Opened in 2011, Drip Coffee was in many ways a vanguard for the fleet of craft- and community-emphasizing local shops that have proliferated in its wake. It emphasizes the pour-over method, readying each hot cup of coffee individually, and it was slinging nitro cold brew years before it was ever handed out from a Starbucks drive-through.

And as it’s nestled near the University of South Carolina, it’s frequently a point of introduction for college students to the notion of elevated coffee.

Sellers said that’s why they haven’t changed much and don’t plan to.

Drip still uses the same shifting variety of beans from Counter Culture, the Durham, N.C.-based roastery that is one of the biggest names in craft coffee along the East Coast. It still pushes pour-overs, and it still sells records out of its back room.

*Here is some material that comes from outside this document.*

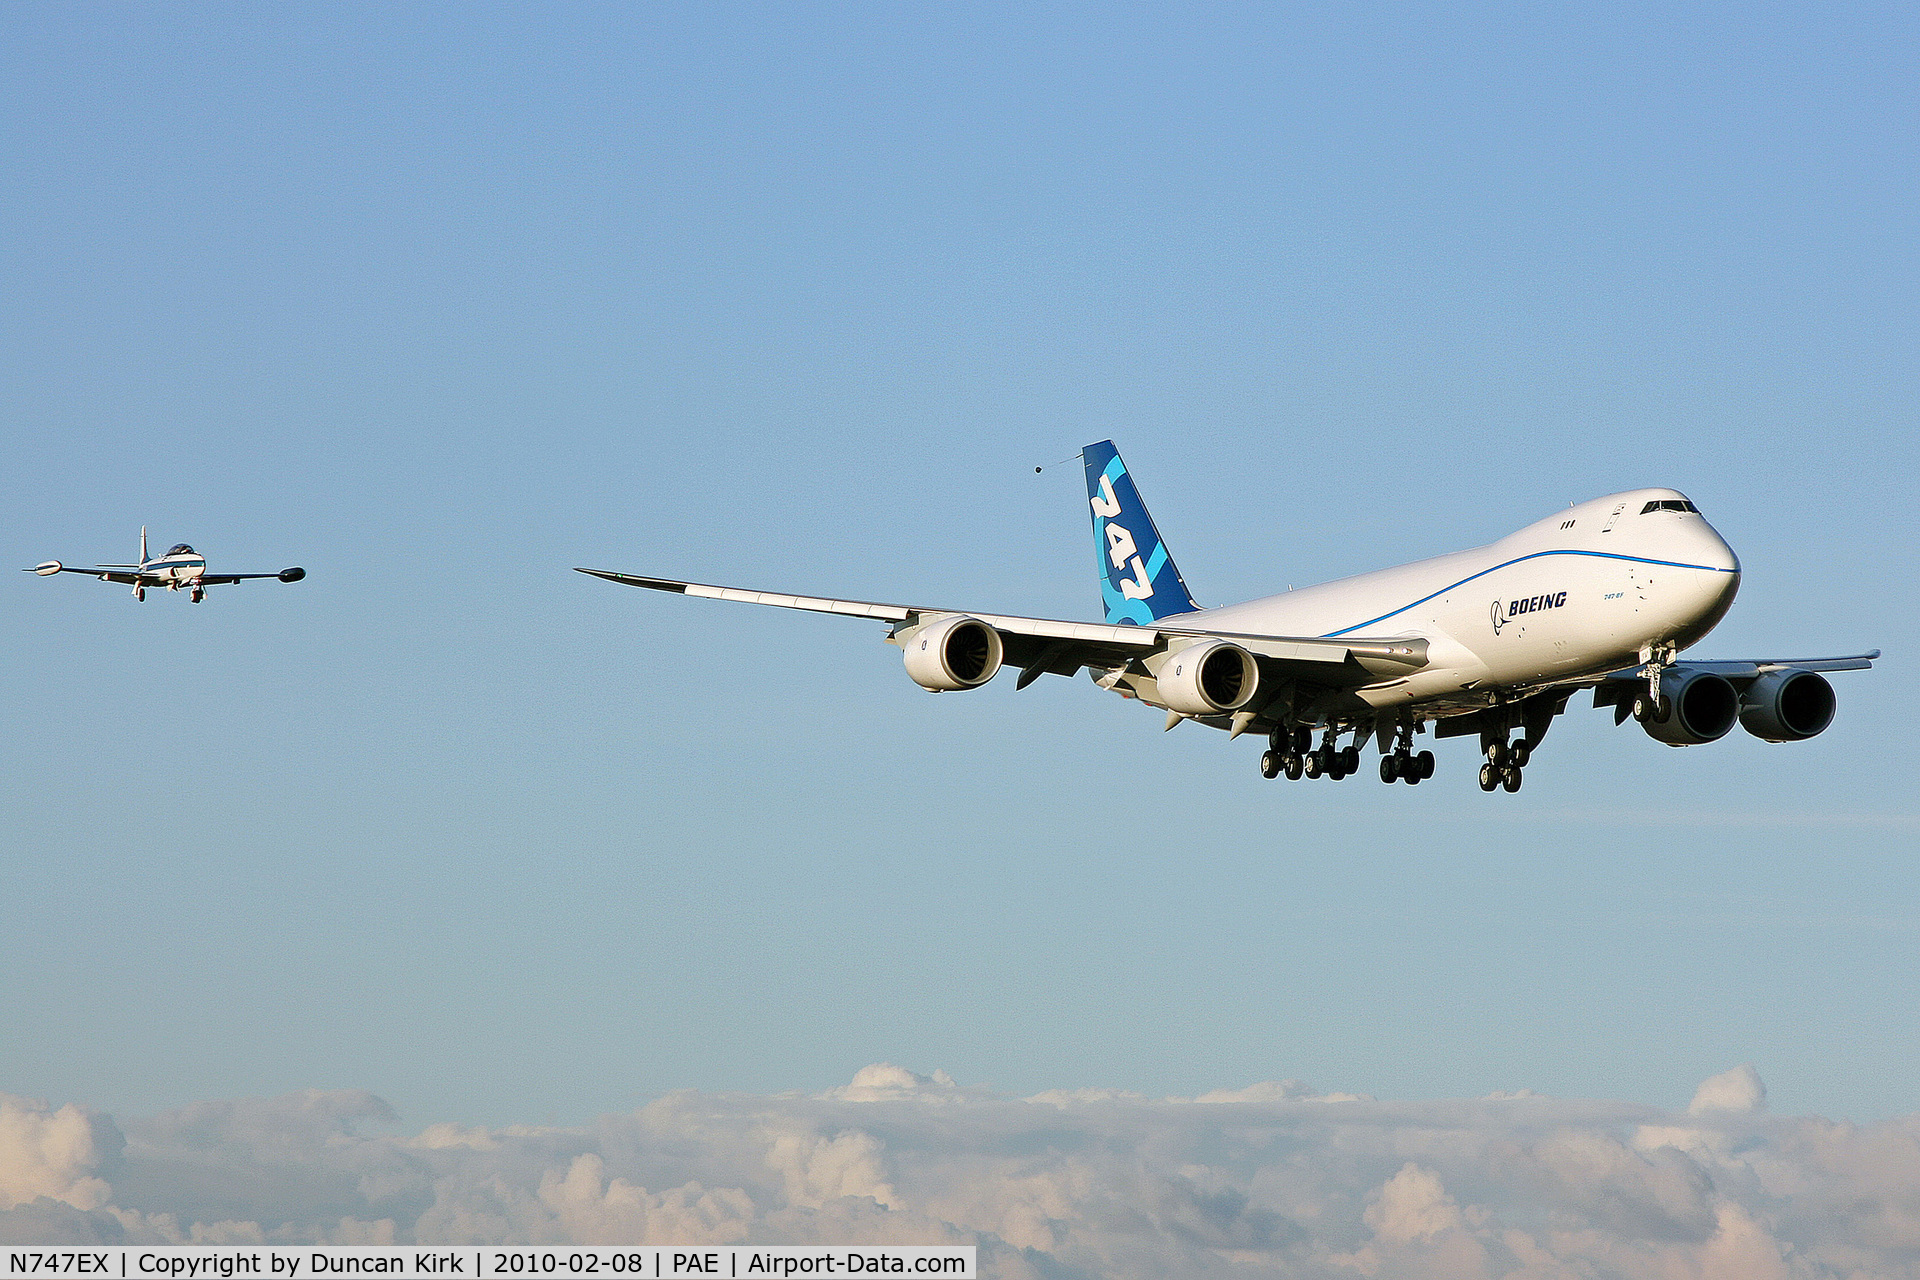 N747EX, 2010 Boeing 747-8F C/N 35808, First flight on finals with chase plane T-33

The changes that have been implemented, Sellers explained, are to augment the atmosphere that the shop has cultivated. The perennially overtaxed wi-fi, long a complaint of Drip regulars, has been upgraded. And the shop has implemented a “Barista Lottery” program, through which employees submit drink recipes, and one is drawn from a hat and offered for a time, allowing sales to dictate whether it’s popular enough to make returns to the menu.

“We’re looking to come up with new, innovative ideas and just keep things interesting,” Sellers said.

“Just continuing that legacy,” he added.

As to taking over Drip while simultaneously readying the shop in West Columbia and continuing to run the Brickhouse distribution business, Sellers said the opportunity was simply too good to pass up.

“Fortunately, Drip has a team there that’s passionate about what they do, being skillful at what they do,” he said. “So it was easy for that transition and to help juggle everything. So it’s not just me, I think collectively as a team that I have, they’re the ones making it possible.”